Как потом выяснилось, он никуда и не убегал, а спрыгнул в погреб да зарылся в картошку. А кума смекнула, выскочила в сенцы будто бы за марлей да и закрыла крышку погреба на замок. Никто не догадался искать беглеца в том же дворе. Вот какой Ваня-в-сарафане. И убьет, и дом сожжет, и от милиции уйдет. Нет, лучше с милицией не связываться. Отнести самогона, забрать Красулю и никому - ни слова. Скажешь, себе же хуже. Затаскают по допросам: как да что?
Да где самогонки достать? Мать вроде запасала для встречи отца, да где-то спрятала. А чего прятать? Кто её станет пить, такую вонючую? Васька как-то лизнул, потом целый день плевался. Интересно, куда всё же мать её заныкала? Он, запыхавшись, влетел в дом, чуть не разбудив придремавшую на сундуке бабку Наталью. Перестав дышать, дабы унять готовое выскочить из груди сердце, Васька на цыпочках прошел за печку. Нашарил дыру, через которую кошка лазит в подпол, и, засунув в неё руку по самое плечо, стал ощупывать затянутые паутиной бревна подпечья.
Ага, так и есть!
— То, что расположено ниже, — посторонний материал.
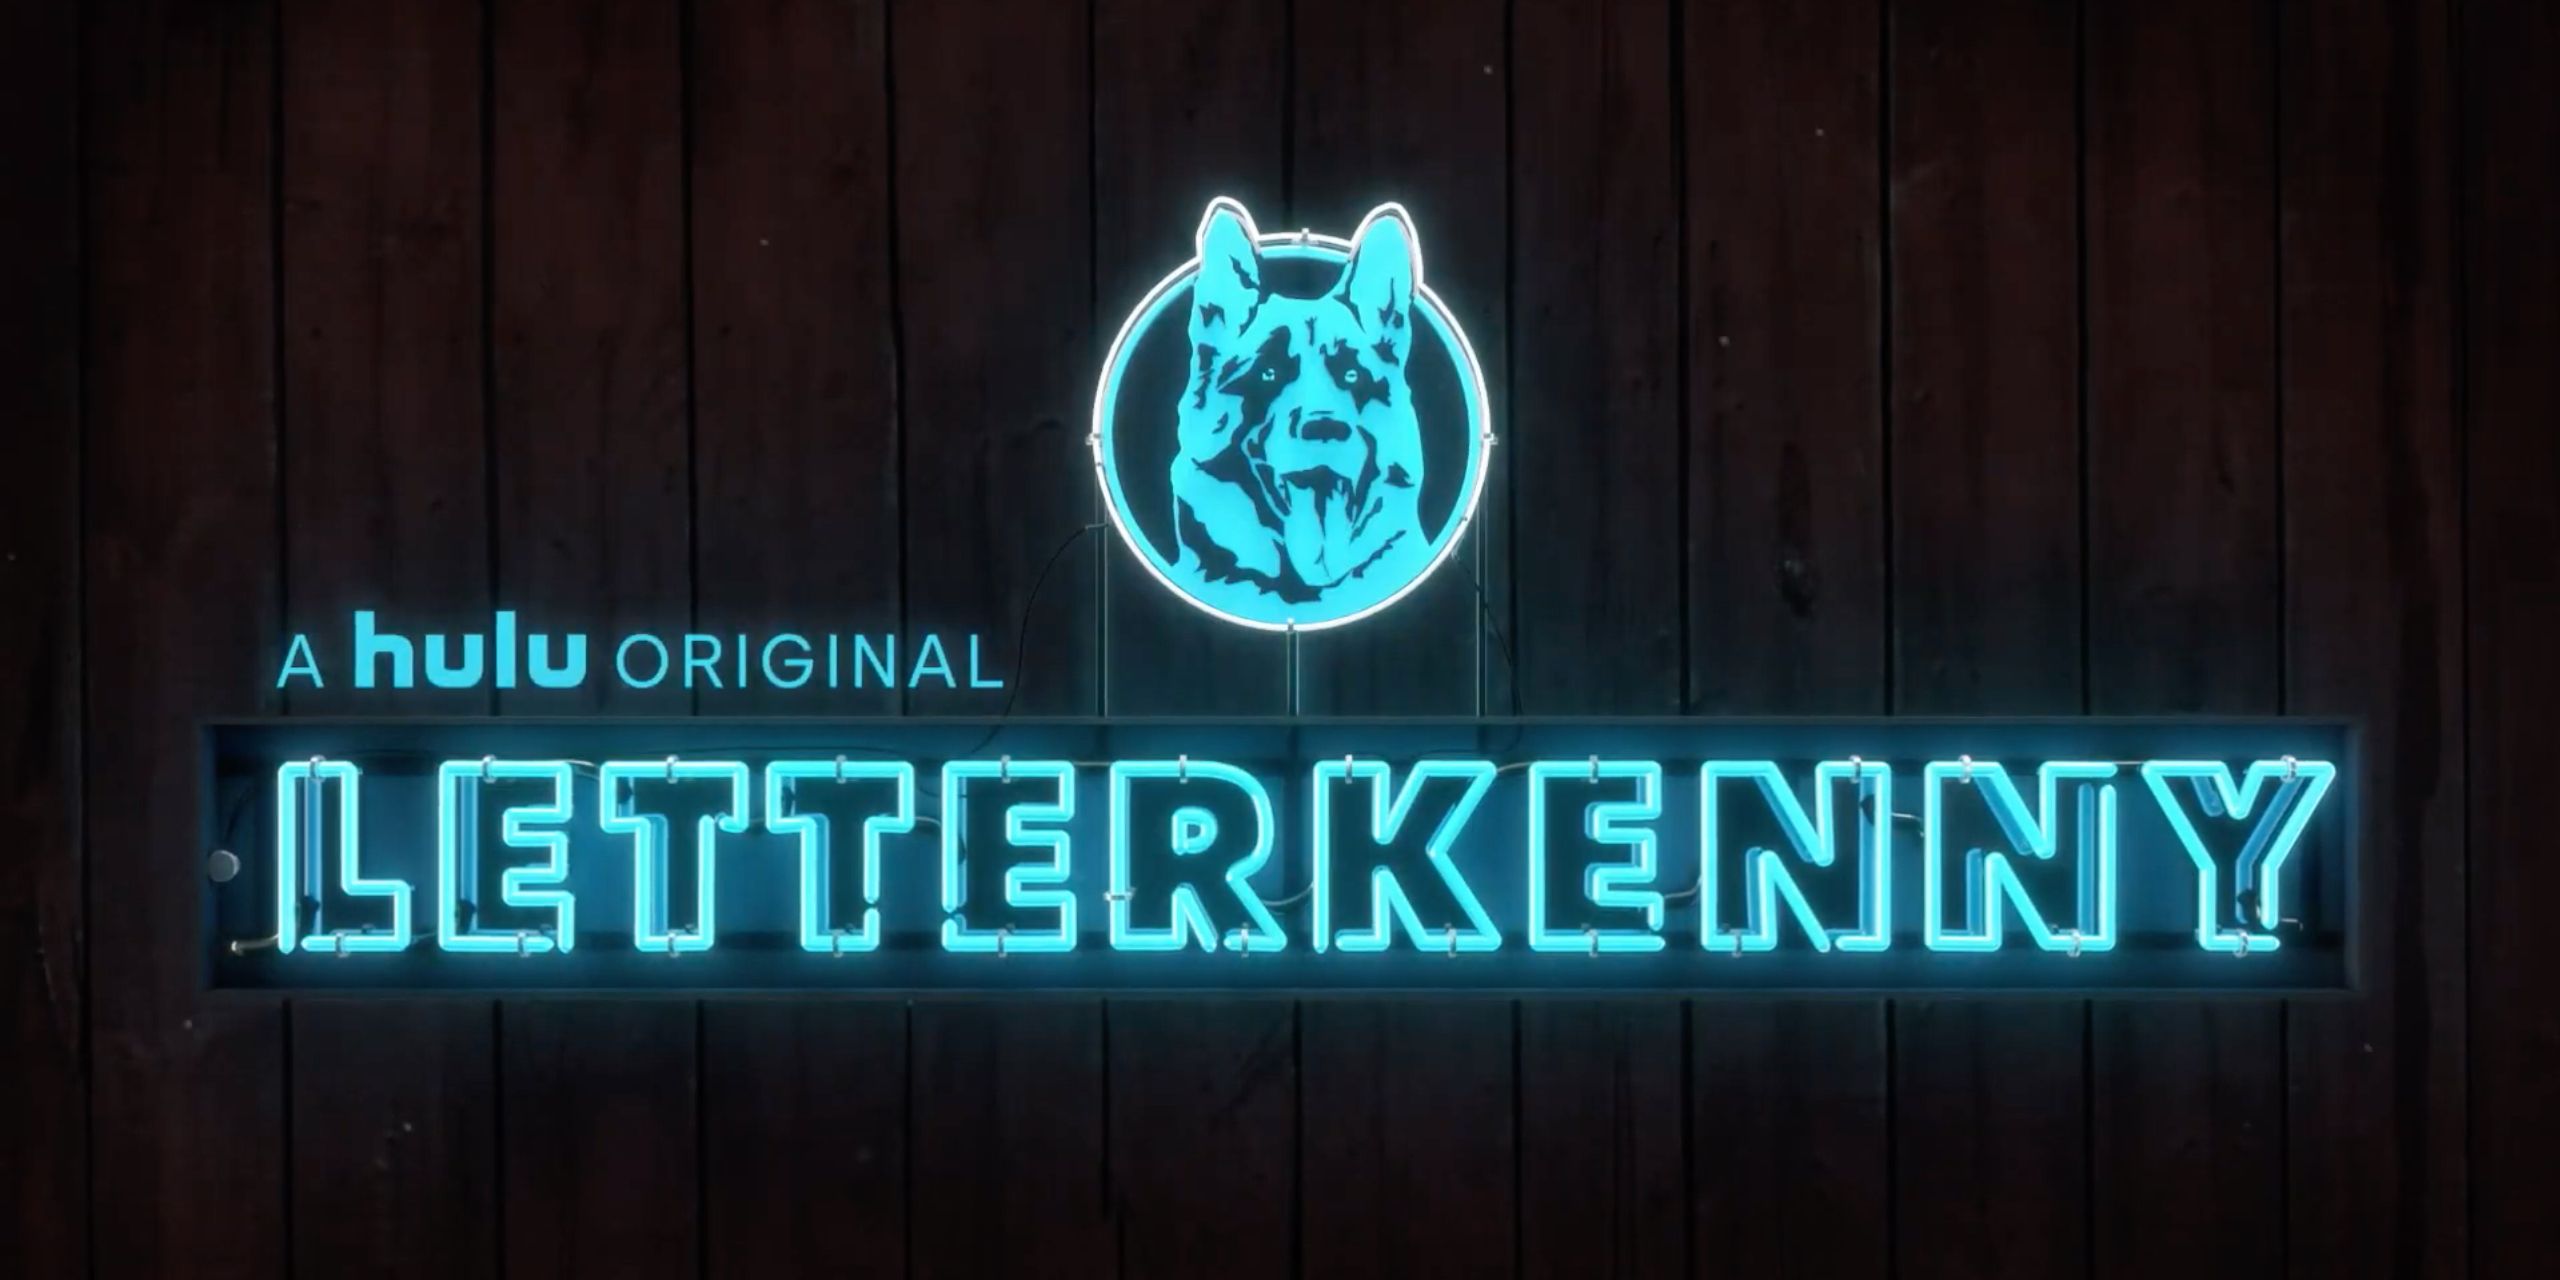 The title card for Letterkenny, but lit in neon

Куда ещё в доме можно что-либо спрятать? Ведь все уголки известны Ваське наизусть. Его ладонь огладила прохладный бок бутылки, и он понял, что в ней не самогон, а керосин. Втянув носом воздух из темной дыры, Васька только утвердился в своей догадке. Где же самогонка? Кажется, перерой все мышиные норочки, не найдешь. Мать умеет прятать. Дал ей прошлой осенью пчеловод Цыбин горшок меду. Она его так куда-то затырила, что только к масленице Васька увидел мед на столе.
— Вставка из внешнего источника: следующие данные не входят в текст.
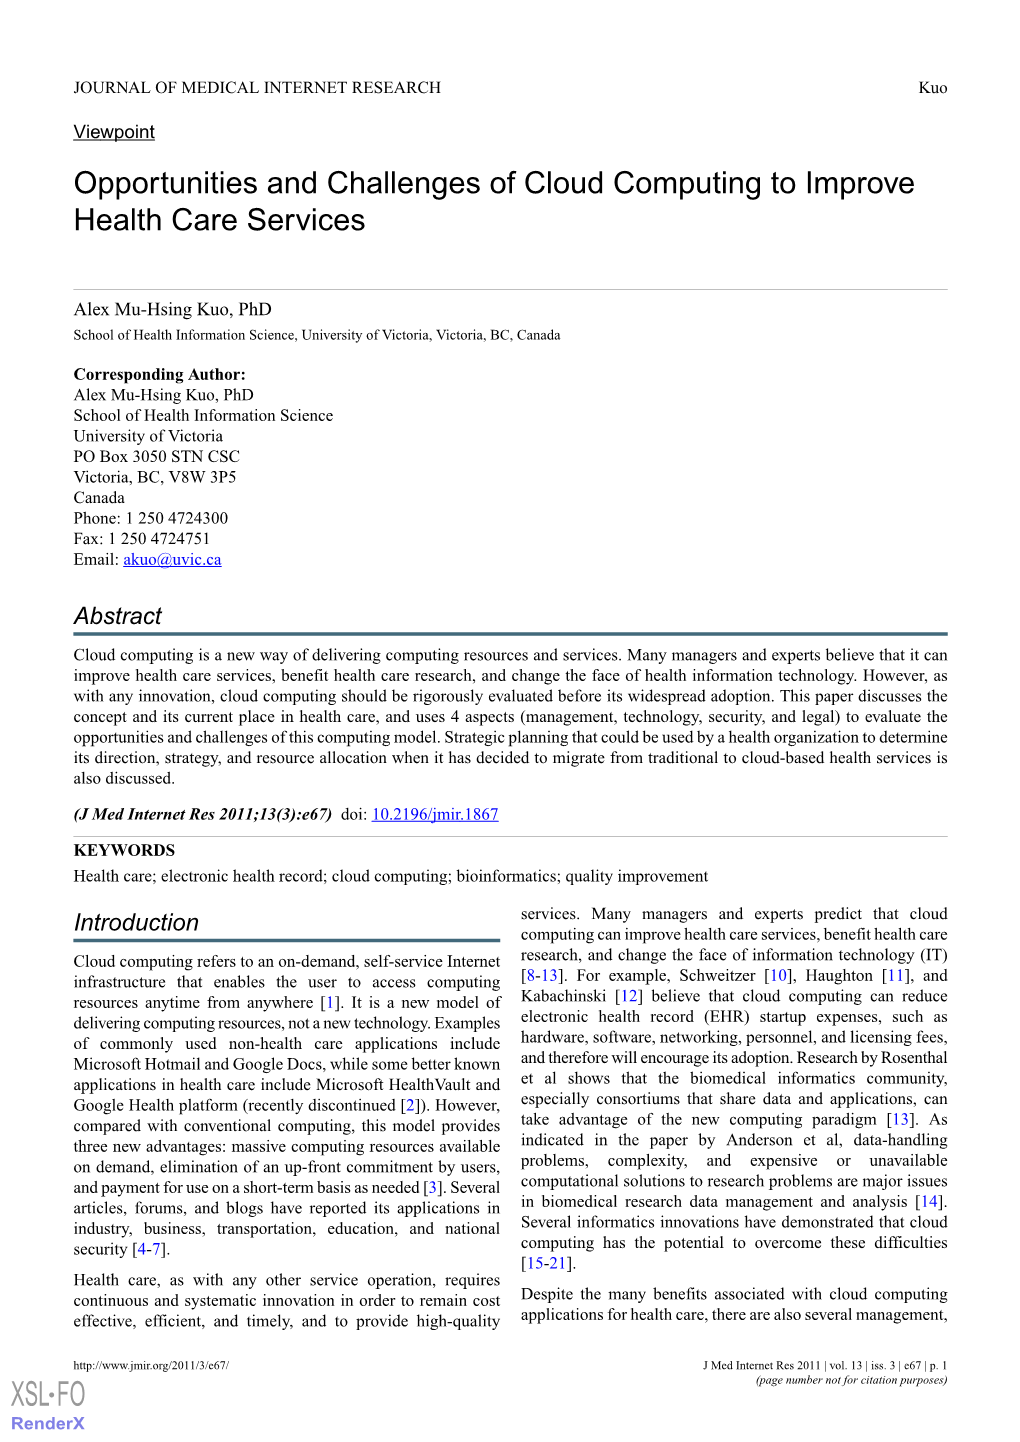 Opportunities and Challenges of Cloud Computing to Improve Health Care Services

Так и самогонка. Чёрт знает, где она может быть. Не в сундуке ли, на котором бабка Наталья прикорнула? Конечно, там. Больше негде. Но будить старушку в Васькины расчеты не входило. Вдруг да там не окажется того, что он ищет. А та, конечно, с расспросами пристанет, где Красуля. Что же делать? Плюнуть на всё. Пусть будет, как будет. Самогонку ему подавай, дезертиру проклятому! Люди на фронте гибнут, а он тут самогонку лижет. Керосину не хочешь?
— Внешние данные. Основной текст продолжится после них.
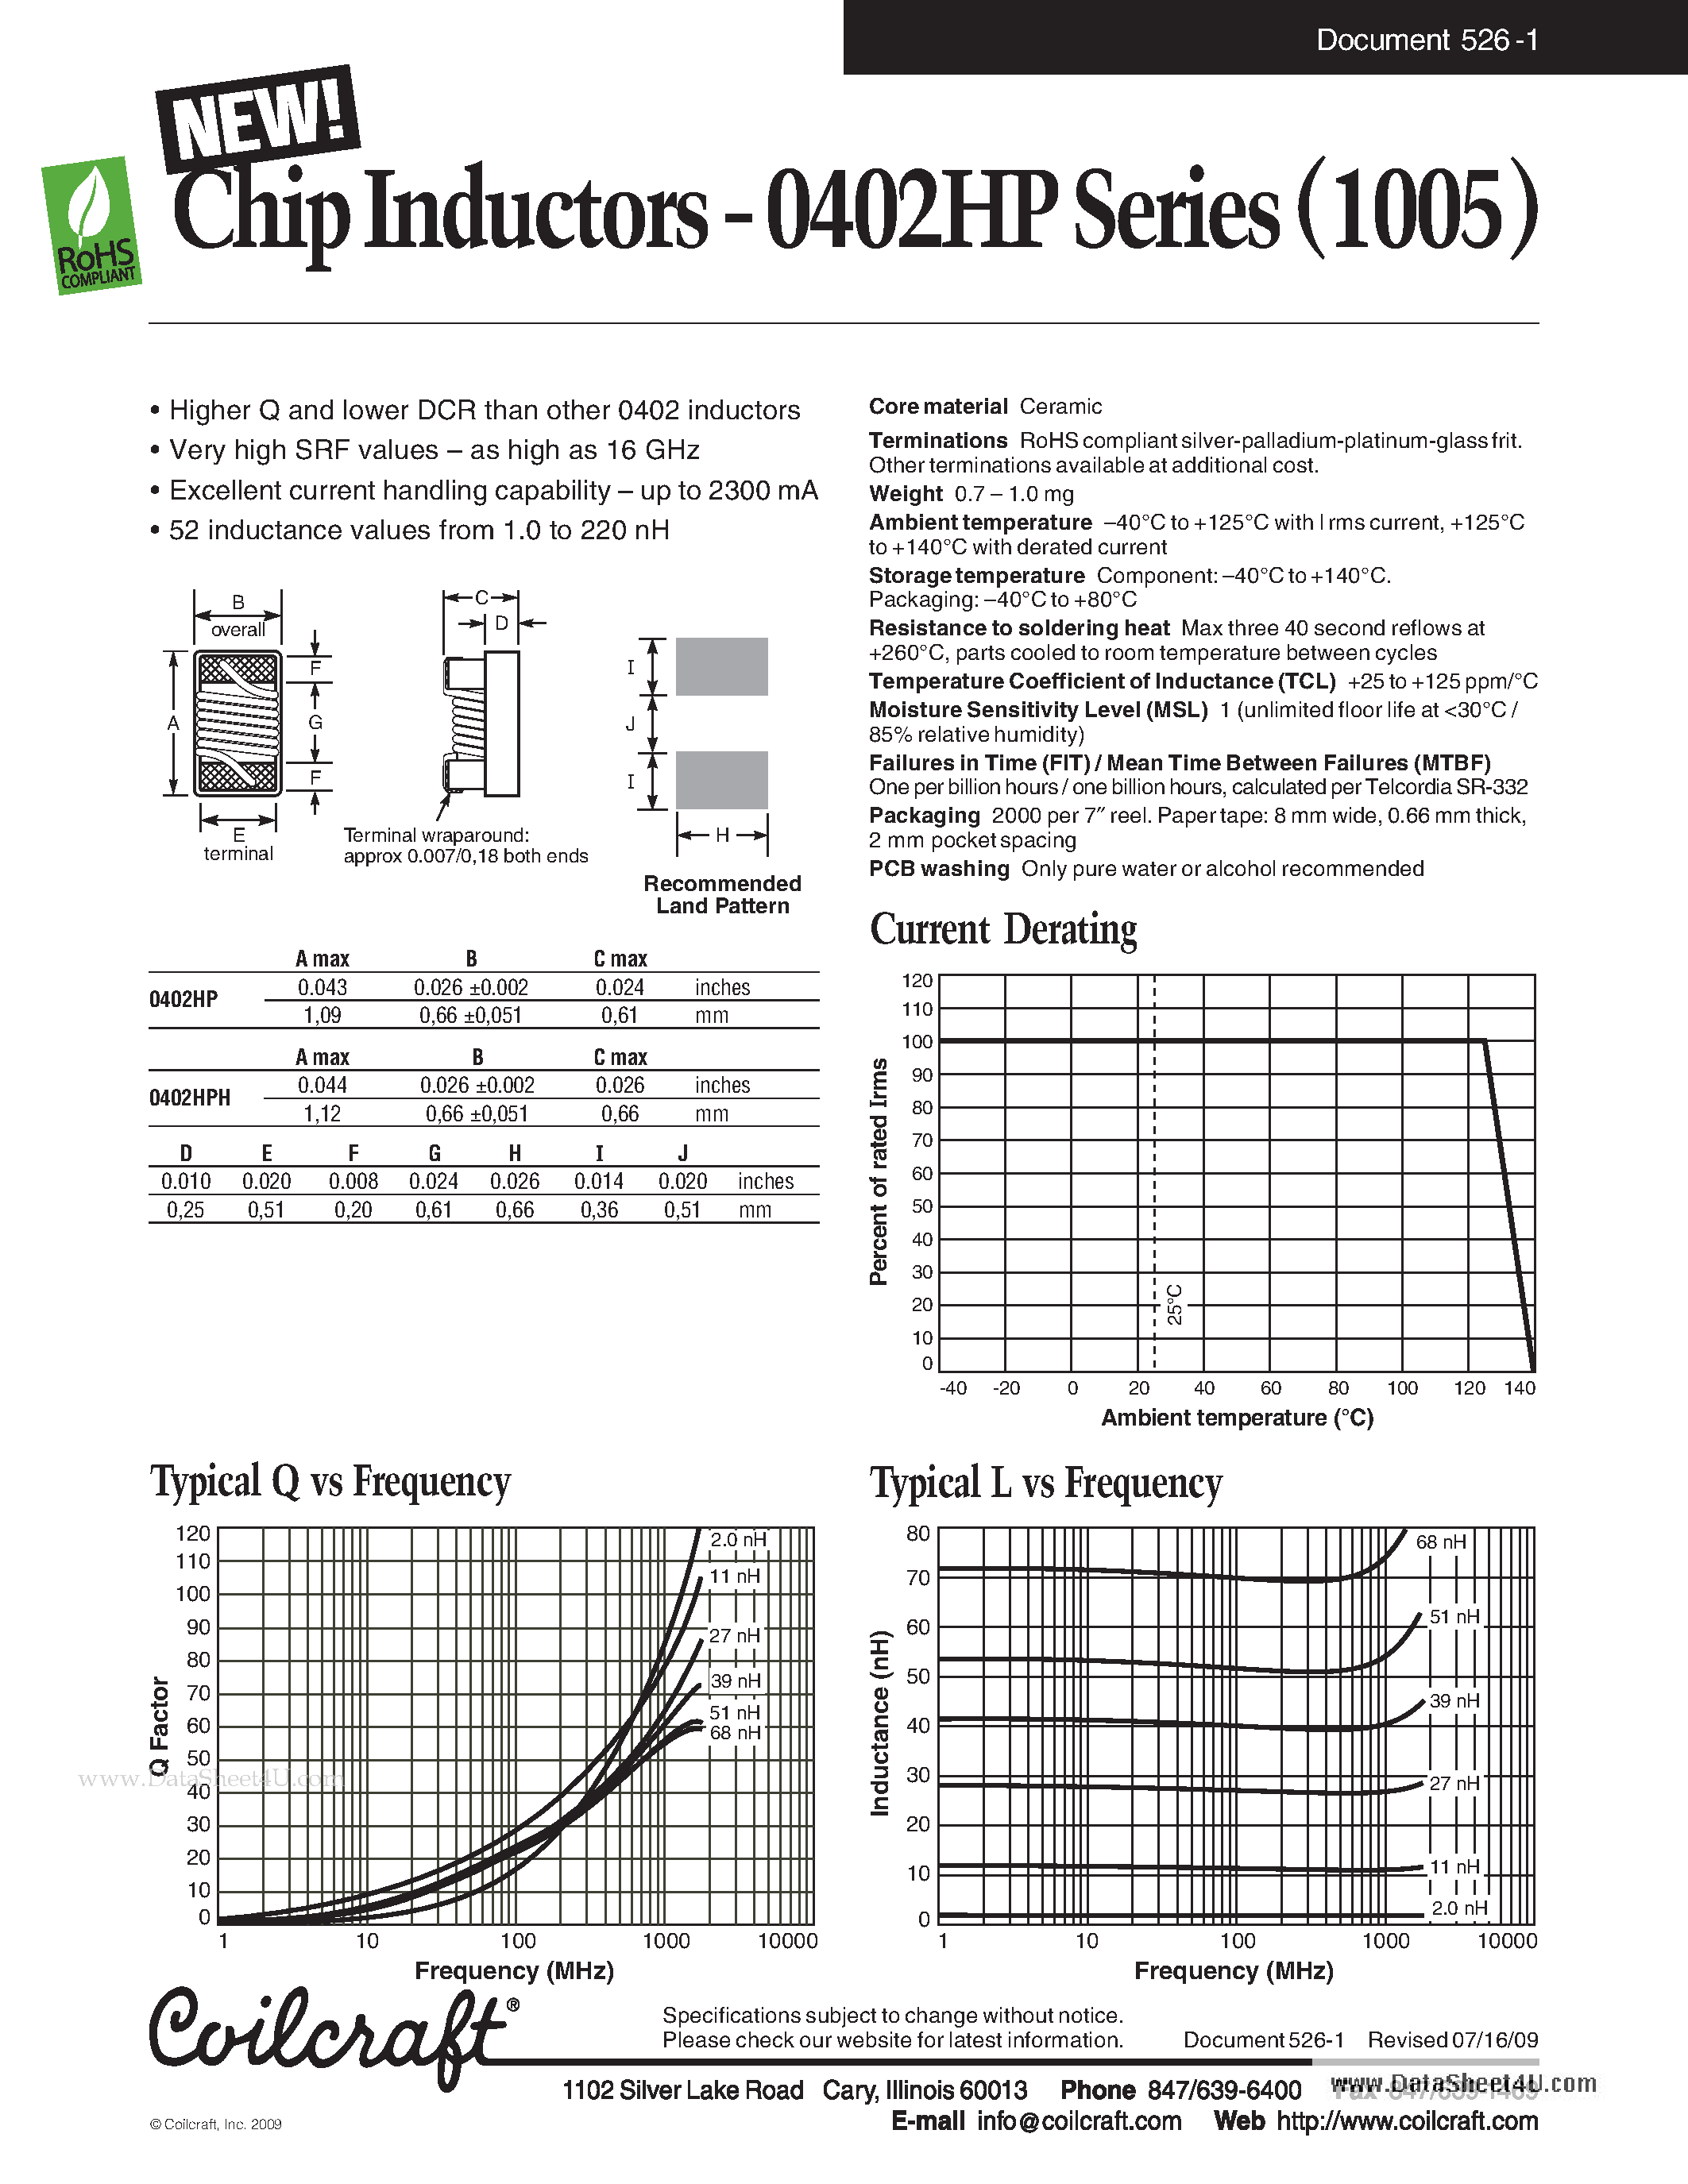 Datasheet 0402HP - Chip Inductors page 1

Васька медленным взглядом обвел уже слабо различимые в полумраке, но знакомые до каждого гвоздя стены избы и заметил в углу под самым потолком холщовую торбу. Она нарочно была прикрыта связками лука. И если бы не поиски, навряд ли бы Васька её заметил. Ведь проходил же раньше мимо, не попадалась на глаза. Конечно, самогонка там. Больше ей негде быть. Но и в торбе самогонки не оказалось. Васька с досады оборвал связку лука, и она, сорвавшись с гвоздя, с шумом грохнулась на пол. Упругие лукавицы раскатились по углам. Подбирать их Васька не стал.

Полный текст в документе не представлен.